» Entries supplied:
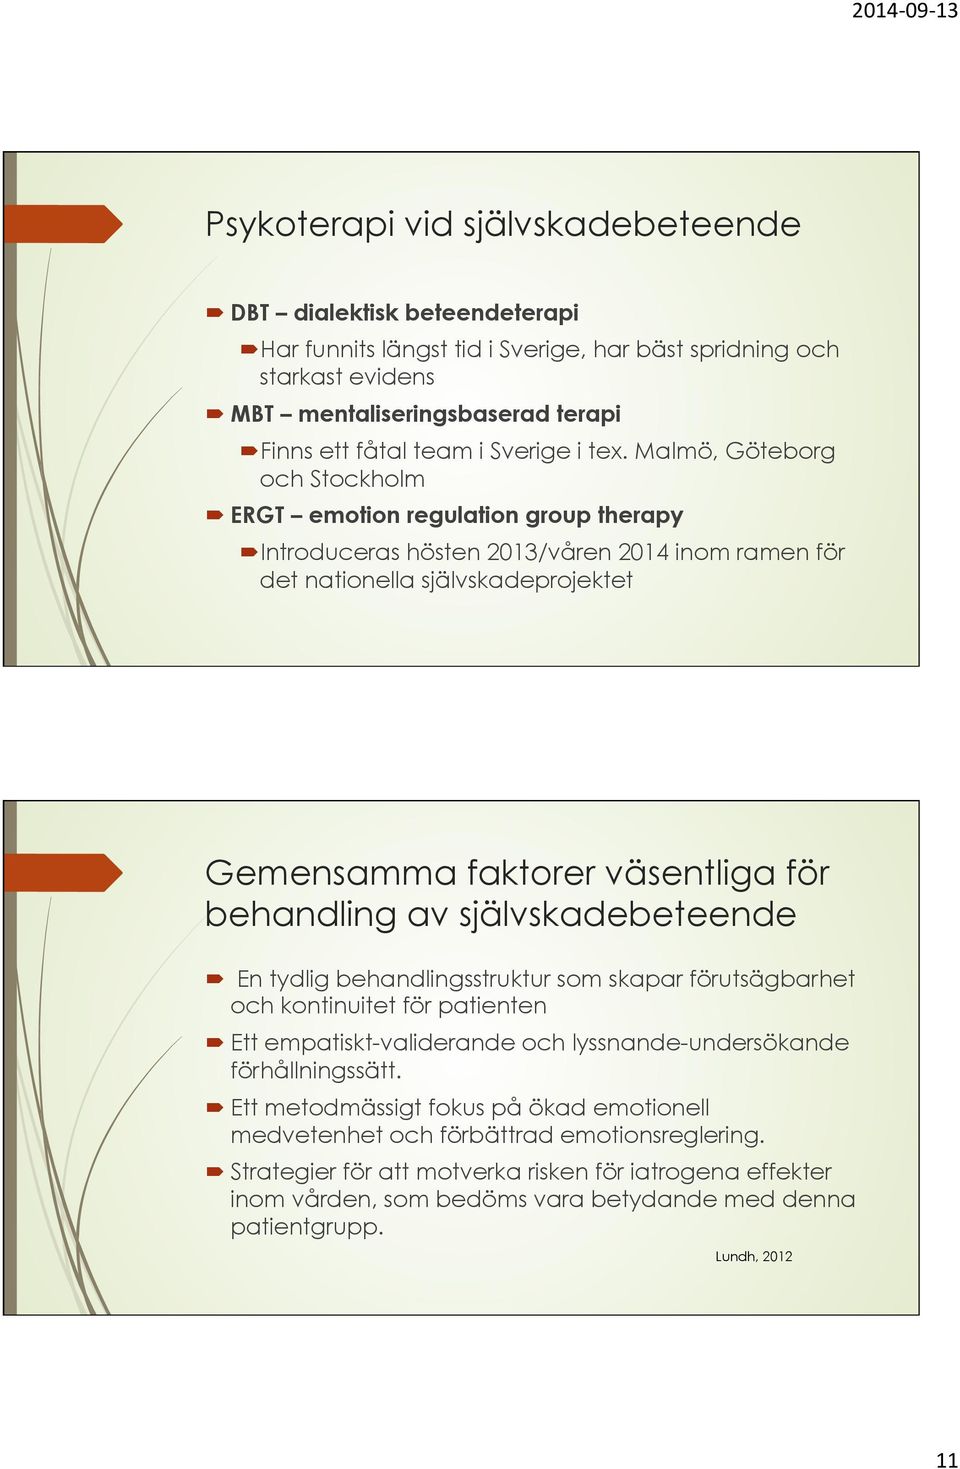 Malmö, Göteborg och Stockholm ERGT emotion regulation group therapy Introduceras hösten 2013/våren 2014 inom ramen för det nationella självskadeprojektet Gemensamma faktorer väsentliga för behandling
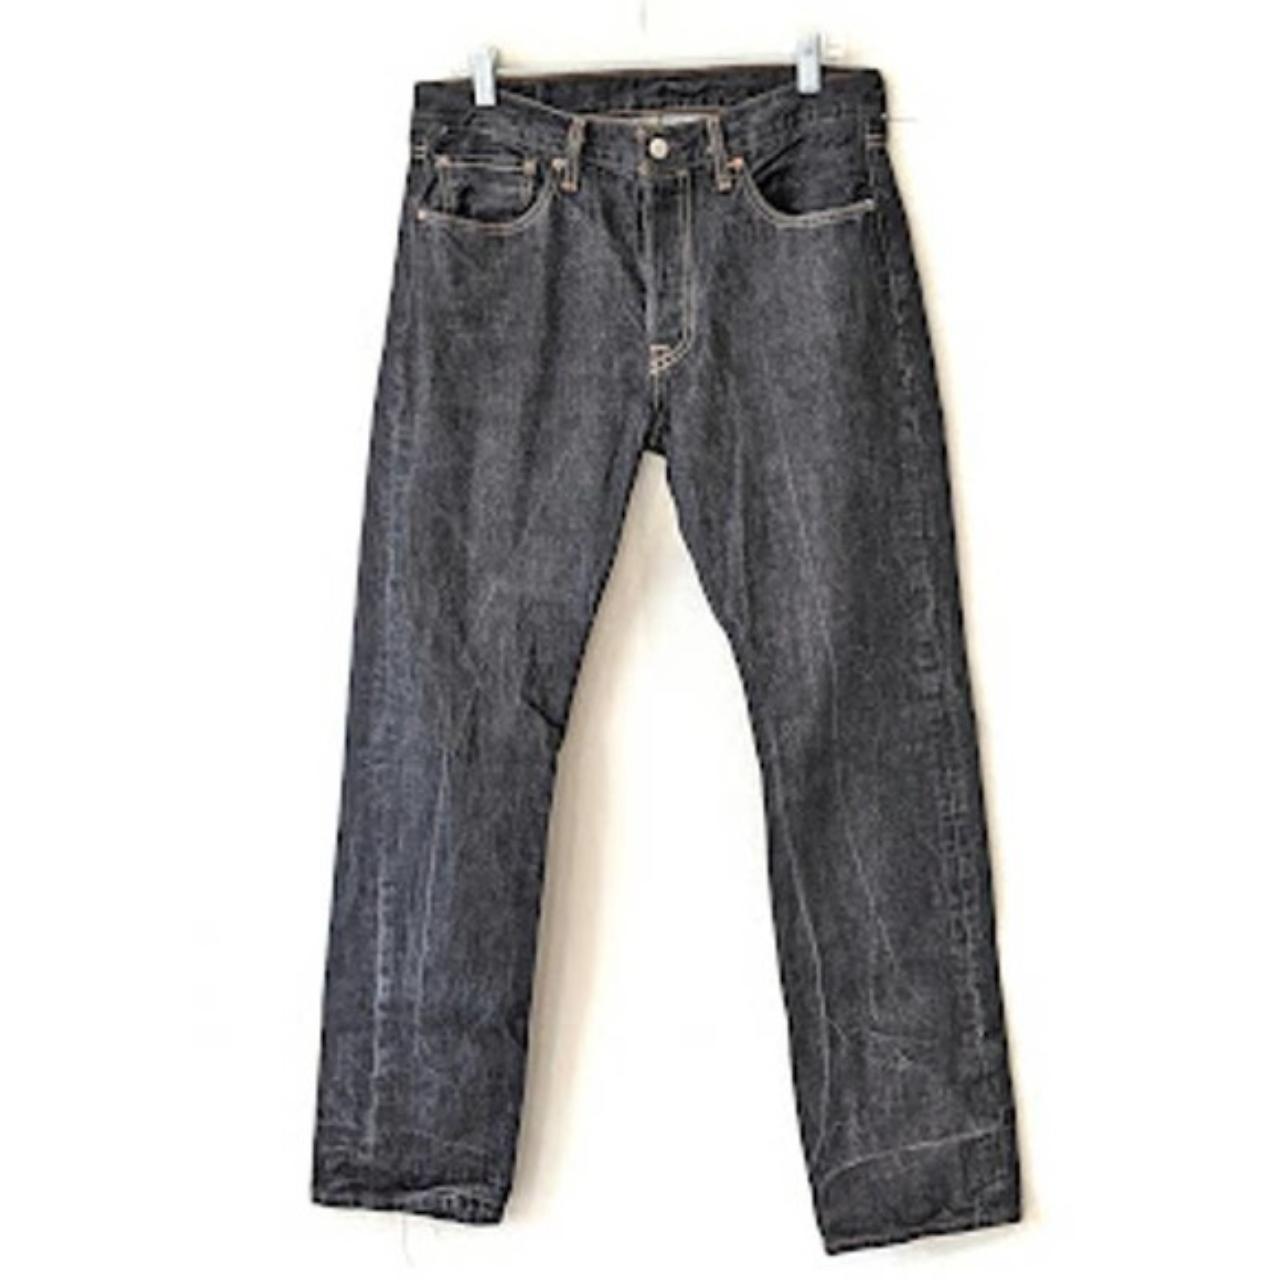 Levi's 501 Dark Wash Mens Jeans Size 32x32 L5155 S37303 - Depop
---
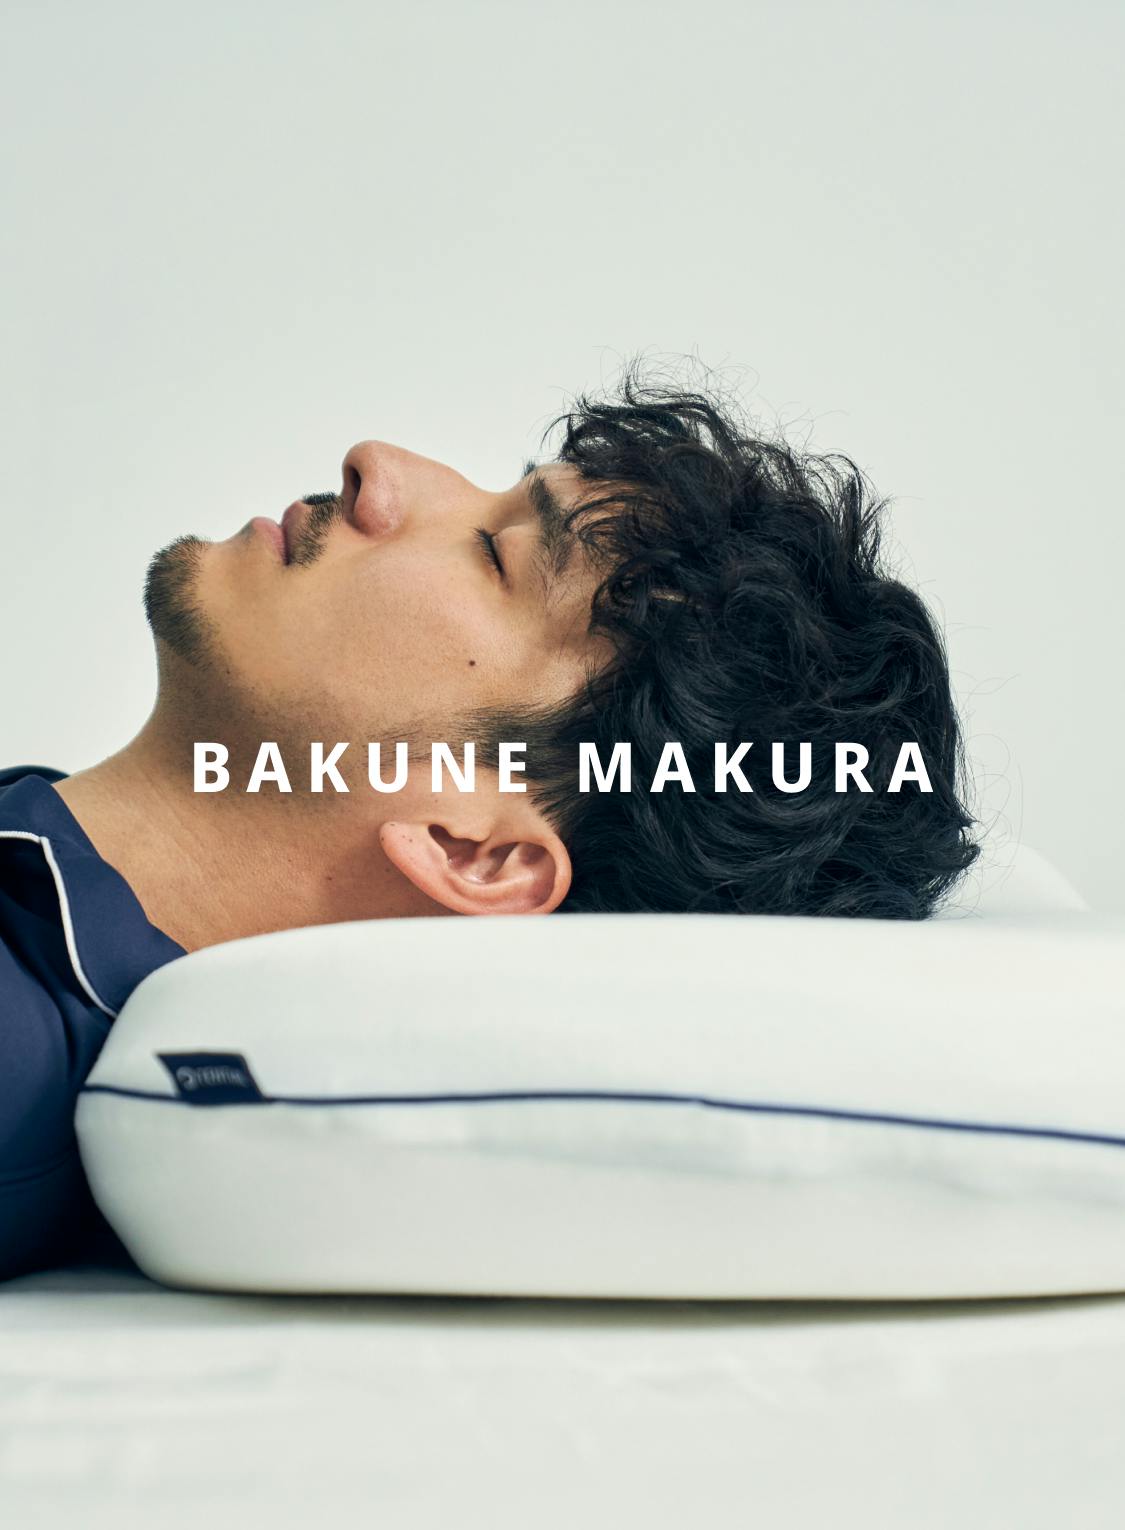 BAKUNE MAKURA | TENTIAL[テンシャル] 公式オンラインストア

» About this task: Using the material above, reproduce only the lines that run from the line with "Malmö, Göteborg och" up to and including the line with "Levi's 501 Dark", exactly, with the pictures dropped.

» Task answer:
 Malmö, Göteborg och Stockholm ERGT emotion regulation group therapy Introduceras hösten 2013/våren 2014 inom ramen för det nationella självskadeprojektet Gemensamma faktorer väsentliga för behandling
 Levi's 501 Dark Wash Mens Jeans Size 32x32 L5155 S37303 - Depop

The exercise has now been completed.